Mi sento nuovo, torniamo all’auto per depositare le borse e, finalmente, ci sediamo a mangiare qualcosa. La scelta cade automatica, risalendo la Rue de L’Aiguile di Midi l’occhio cade su una creperia. Mi torna in mente ancora, per l’ennesima volta, una persona e decido di lenirne la nostalgia offrendo al mio capitano una Crepe nel posto da lei tanto amato. Il lusso ci prende la mano, ordiniamo una crepe salata, della birra, del buon sidro, e persino una crepe dolce. Il piacere della compagnia di Maurizio, il suo sguardo allegro nel mangiare, il sapore della crepe e del sidro ed il ricordo di lei mi portano ad uno stato di benessere diffuso.

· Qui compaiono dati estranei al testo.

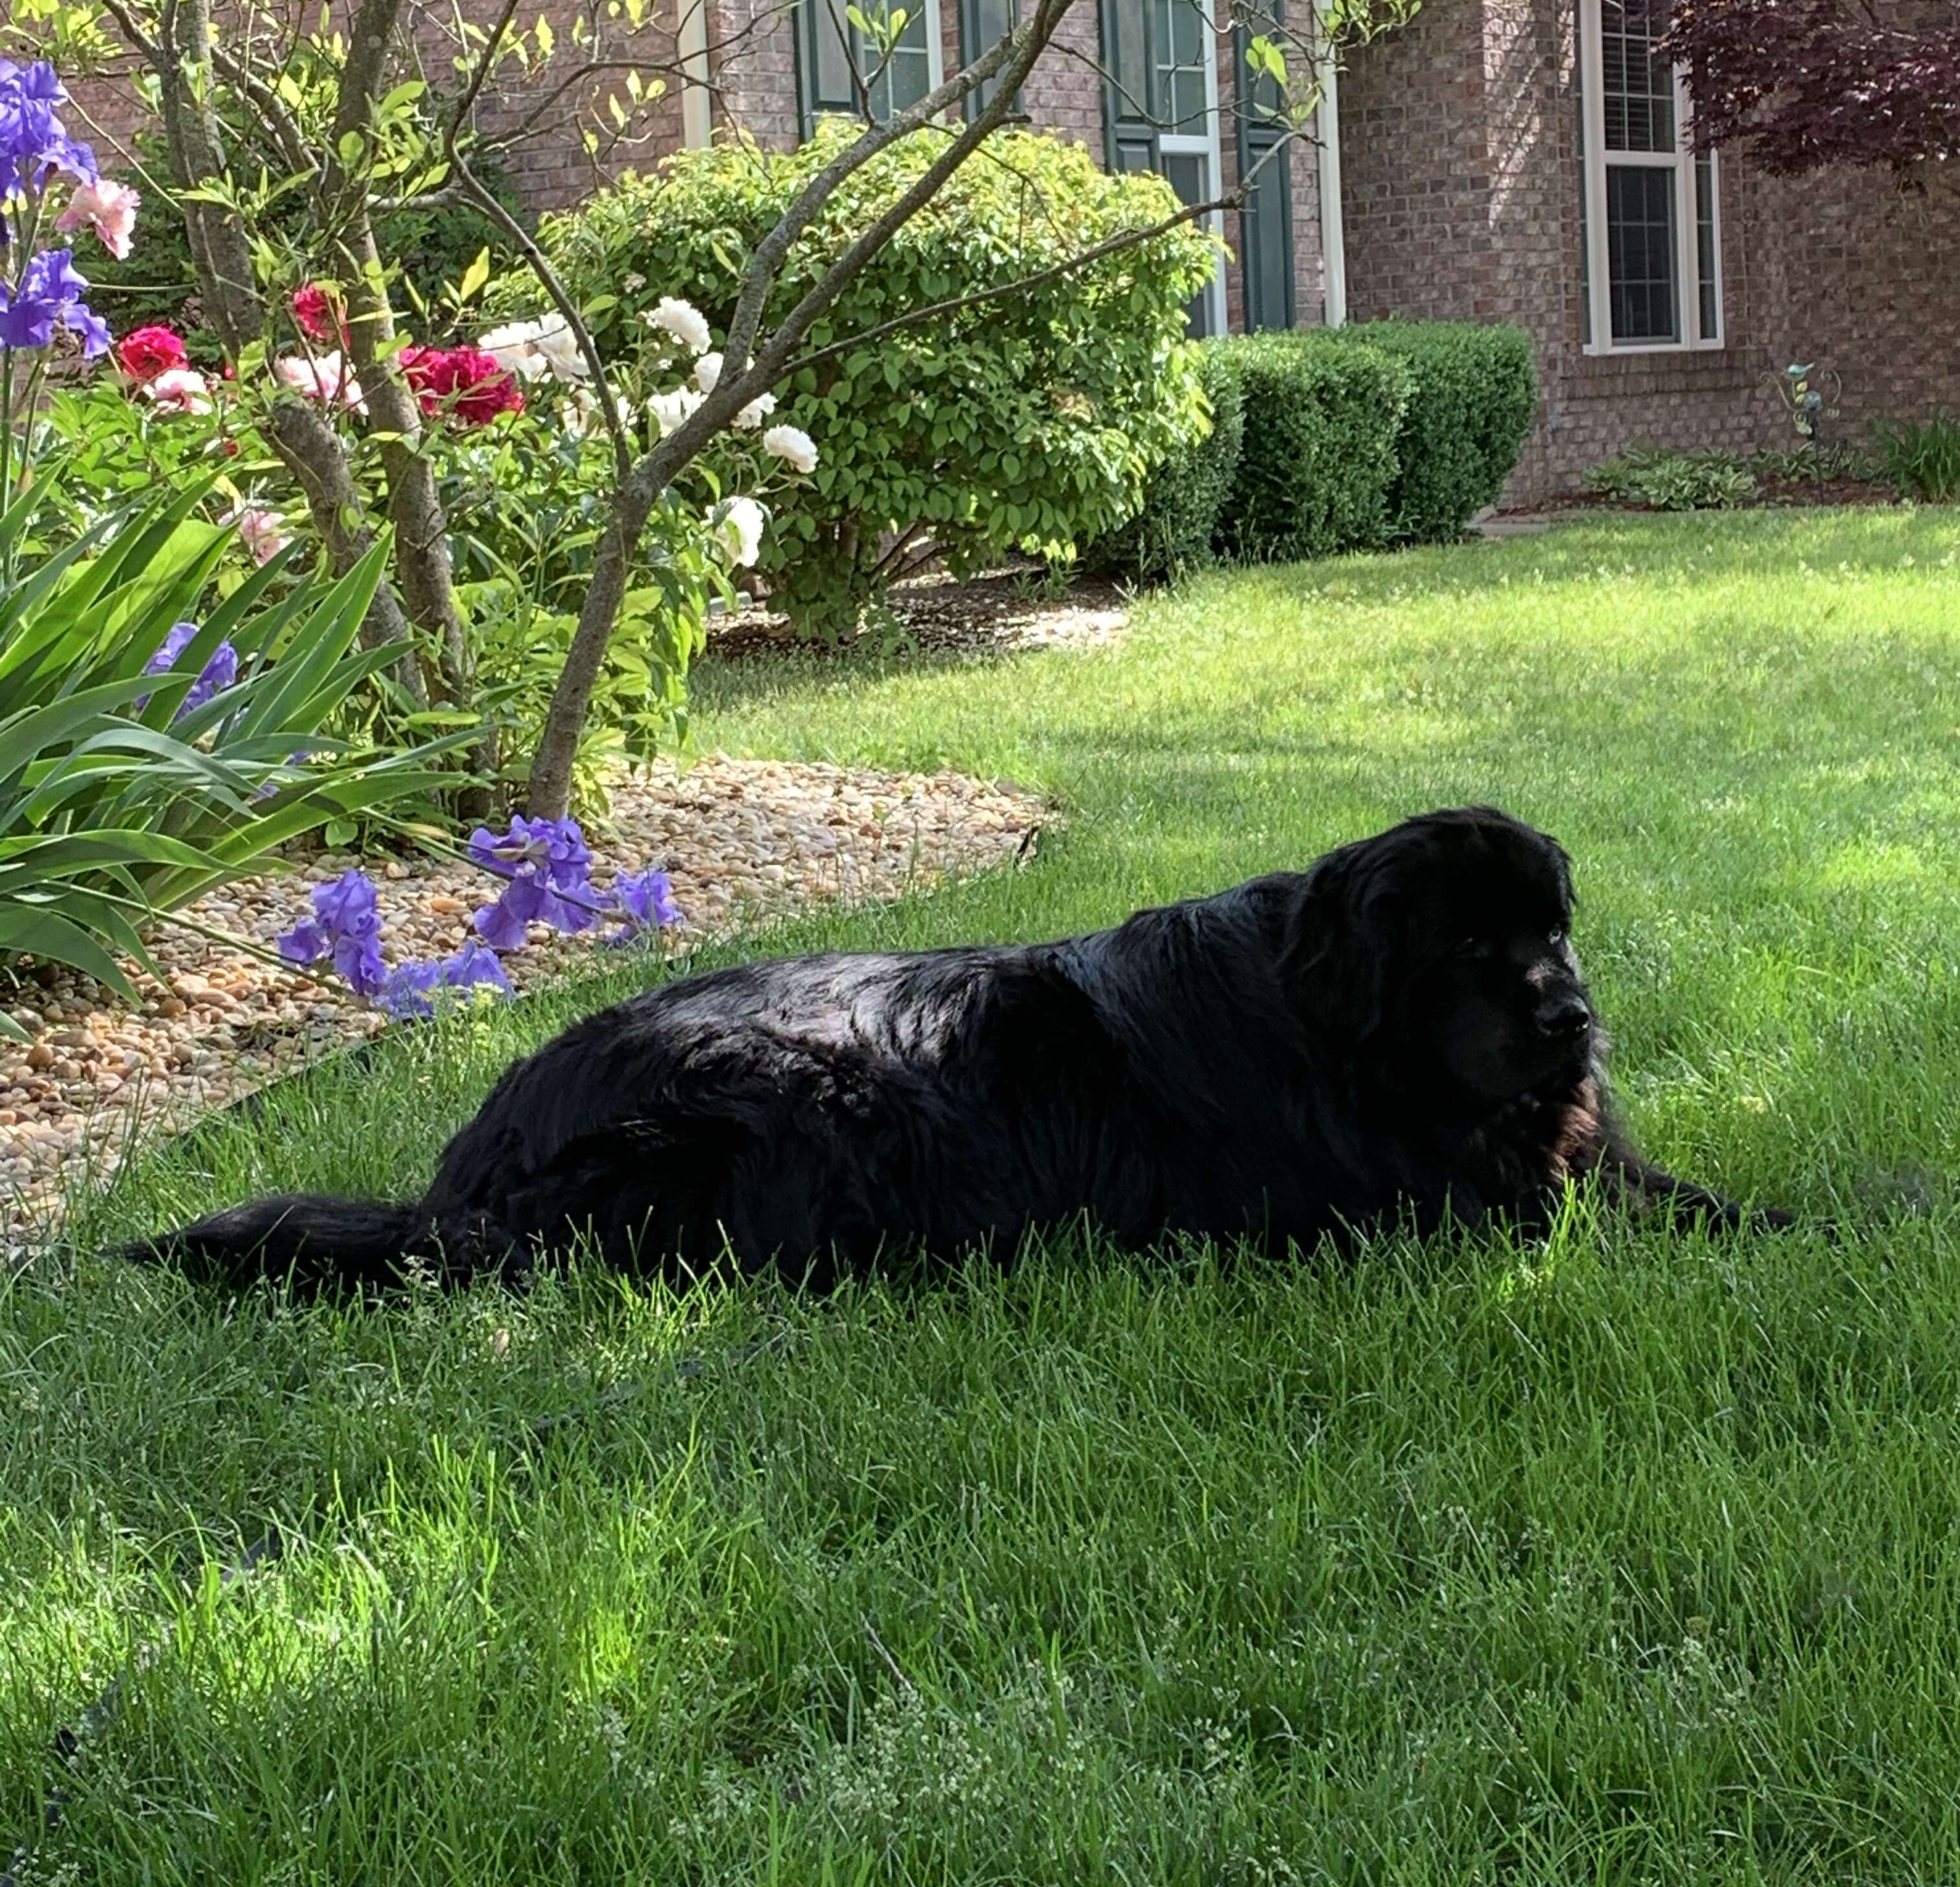 Foxtrot the Newfoundland dog waits for his toad friend

Il tempo vola veloce e Maurizio vuole provare a tornare a casa in giornata. Cerchiamo il “suo” pullman, e trasbordando il suo bagaglio a piedi attraverso l’intera città chiudiamo la nostra avventura assieme, o meglio la nostra PTL assieme. Sediamo assieme al bar di fronte alla stazione di Chamonix e assaporiamo quello che ci appare essere il più  buon caffè della città. Che lo sia veramente la cosa non è certa, ma la sensazione è esattamente quella di bere una bevanda eccellente.
Io sono sfinito, così stanco da non riuscire neppure a dormire, vago per la città e mi incontro con Corrado ed altri amici di Vibram. Visito l’expo della UTMB e cerco di arrivare al meglio a sera. Finalmente all’imbrunire scambio un paio di messaggi di buona notte e collasso nel camper di Fabio.